As for the case of \tf binding sites, I was unable to demonstrate such an
association unambiguously: for the contrasts mentioned above (liver E15.5--P22,
brain P4--P29), I performed \num{9} tests each: one per combination of
significance threshold and window size.
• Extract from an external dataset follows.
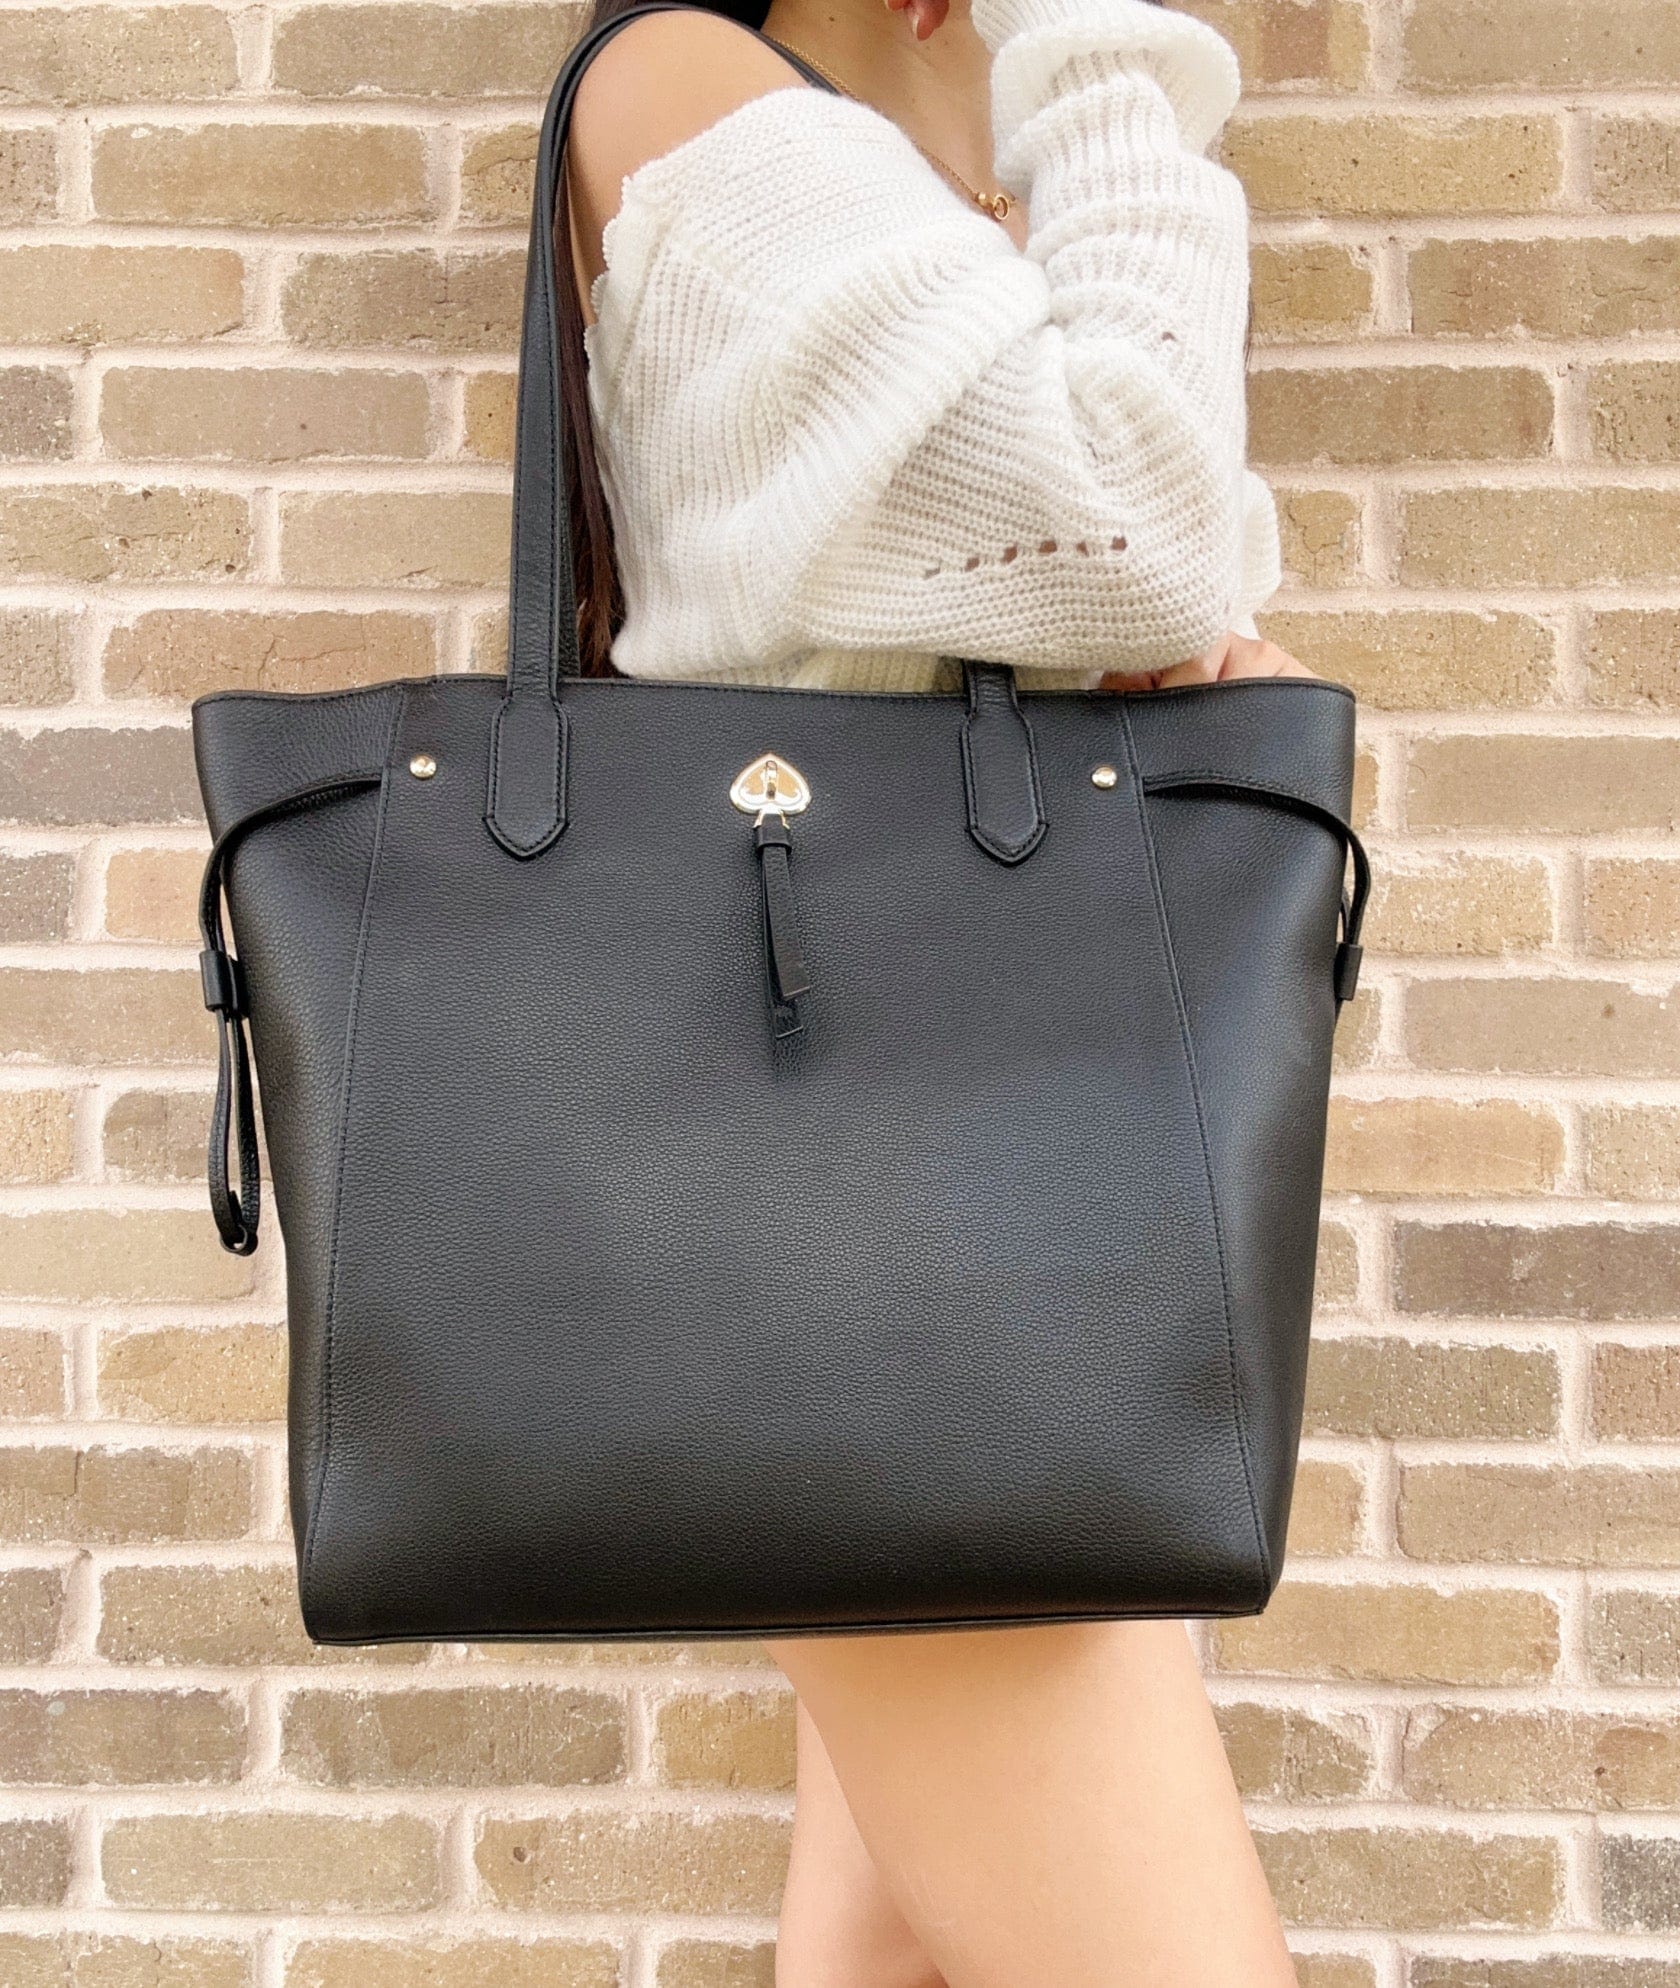 Kate Spade New York Women's Shoulder Bags - Black

The unadjusted \(p\)-values for liver
are given in \cref{tab:colocalisation-liver}. Although some of the values fall
below common thresholds for significance, to properly reject the hypothesis we
would require a more consistent picture; instead, modifying the parameters
changes the outcome drastically. The best we can conclude is that for a window
size of \SI{50}{kb} there seems to be some evidence of an effect, if we choose
our significance threshold for differential expression of protein-coding genes
stringently. However, in brain no such effect exists
(\cref{fig:colocalisation-e155-p22}). When controlling for multiple testing by
applying Bonferroni correction, only \num{1} out of the \num{18} tests across
both tissues is significant (corrected \(p<0.013\)).
\begin{table}[!ht]
\centering
\sisetup{
table-text-alignment=right,
table-number-alignment=right
}
\begin{tabular}{
@{}S[table-figures-decimal=0]
S[table-figures-decimal=2]
S[table-figures-decimal=3]@{}
}
\toprule
{Window size [\si{kb}]} & {Threshold} & {\(p\)-value} \\
\midrule
10 & 0.1 & 0.285 \\
10 & 0.05 & 0.358 \\
10 & 0.01 & 0.409 \\
50 & 0.1 & 0.013 \\
50 & 0.05 & 0.005 \\
50 & 0.01 & 0.001 \\
100 & 0.1 & 0.118 \\
100 & 0.05 & 0.107 \\
100 & 0.01 & 0.10 \\
\bottomrule
\end{tabular}
\tabcap{colocalisation-liver}
{Unadjusted \(p\)-values of colocalisation tests in liver.}
{The first column gives the window size (in \si{kb}) in which
colocalised protein-coding genes were counted. The second column give
the \(p\)-value significance threshold below which protein-coding genes
were called differentially expressed.}
\end{table}
Besides \emph{cis}-regulatory \emph{sequence} features, another possibility is
that chromatin modifications are associated with the changes in \trna gene
expression that we observed. Previous studies by \citet{Barski:2010,Oler:2010}
indicate that several chromatin modifications have an influence on \pol3-driven
transcription. Using publicly available, previously published data
\citep{Shen:2012} (\geo accession \identifier{GSE29184}), I investigated three
histone modifications associated with genomic regions containing promoters and
enhancers (H3K4me3, H3K4me1, H3K27ac) as well as \pol2 and an insulator, \ctcf.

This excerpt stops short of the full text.